SOURCE MATERIAL =
==*==
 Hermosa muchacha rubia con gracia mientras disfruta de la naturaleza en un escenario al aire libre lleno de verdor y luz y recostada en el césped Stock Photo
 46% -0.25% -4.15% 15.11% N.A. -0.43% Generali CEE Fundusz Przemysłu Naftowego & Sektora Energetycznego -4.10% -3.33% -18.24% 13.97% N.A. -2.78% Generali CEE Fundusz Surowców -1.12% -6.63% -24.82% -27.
==*==
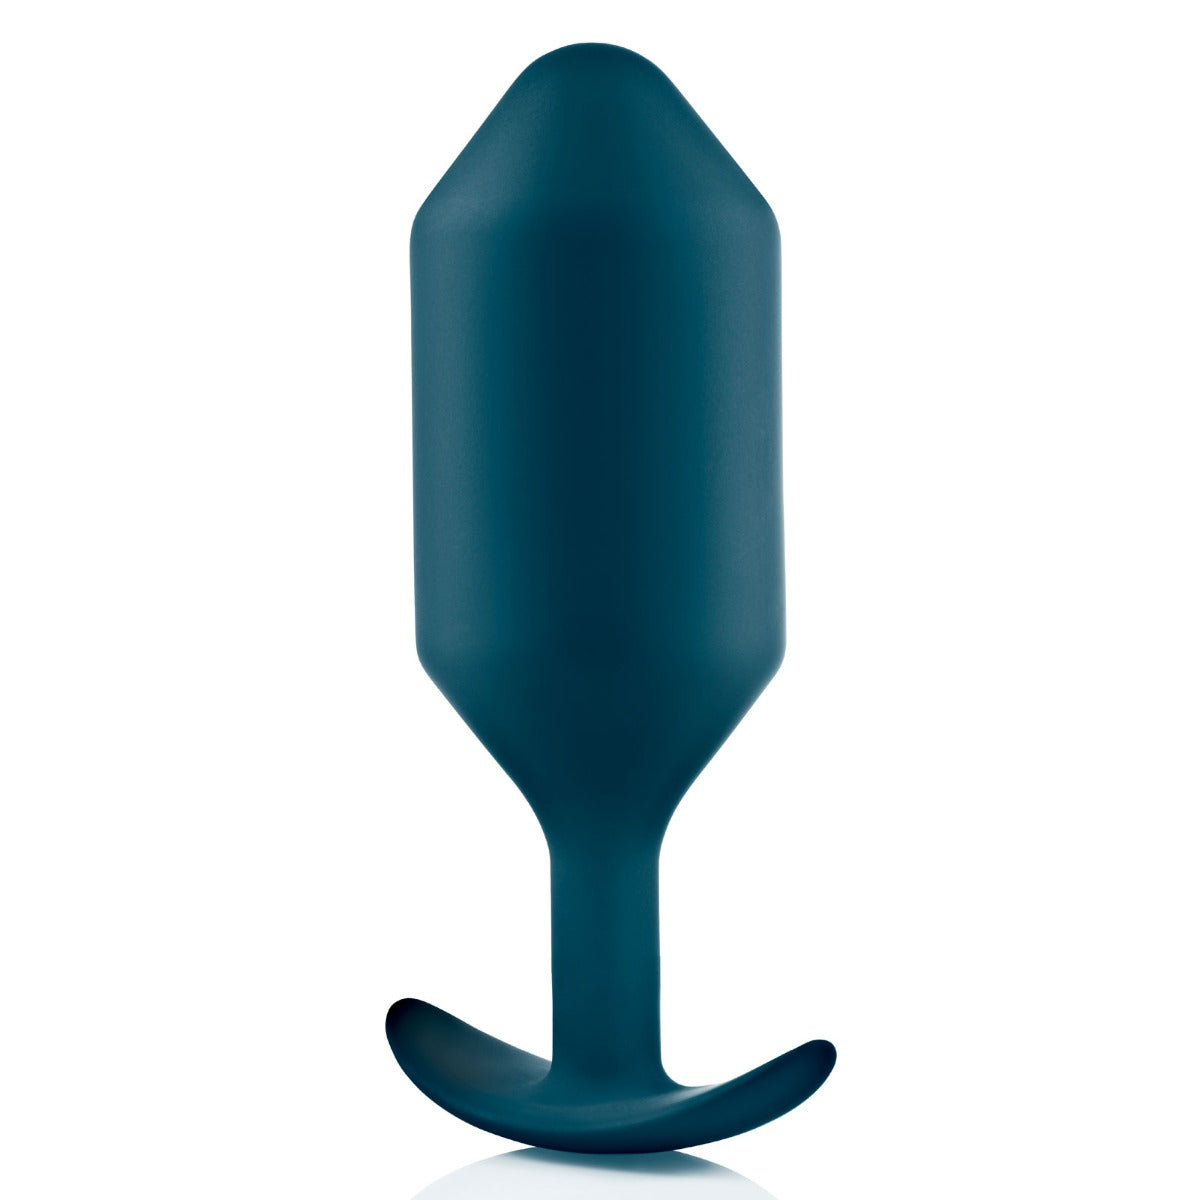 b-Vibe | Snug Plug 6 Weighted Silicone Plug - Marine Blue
==*==
WHAT YOU HAVE TO DO =
Output, from the data above, the lines from the line with "Hermosa muchacha rubia" to the line with "46% -0.25% -4.15%" exactly as they stand, both ends included and nothing else.

SOLUTION TO THIS TASK =
 Hermosa muchacha rubia con gracia mientras disfruta de la naturaleza en un escenario al aire libre lleno de verdor y luz y recostada en el césped Stock Photo
 46% -0.25% -4.15% 15.11% N.A. -0.43% Generali CEE Fundusz Przemysłu Naftowego & Sektora Energetycznego -4.10% -3.33% -18.24% 13.97% N.A. -2.78% Generali CEE Fundusz Surowców -1.12% -6.63% -24.82% -27.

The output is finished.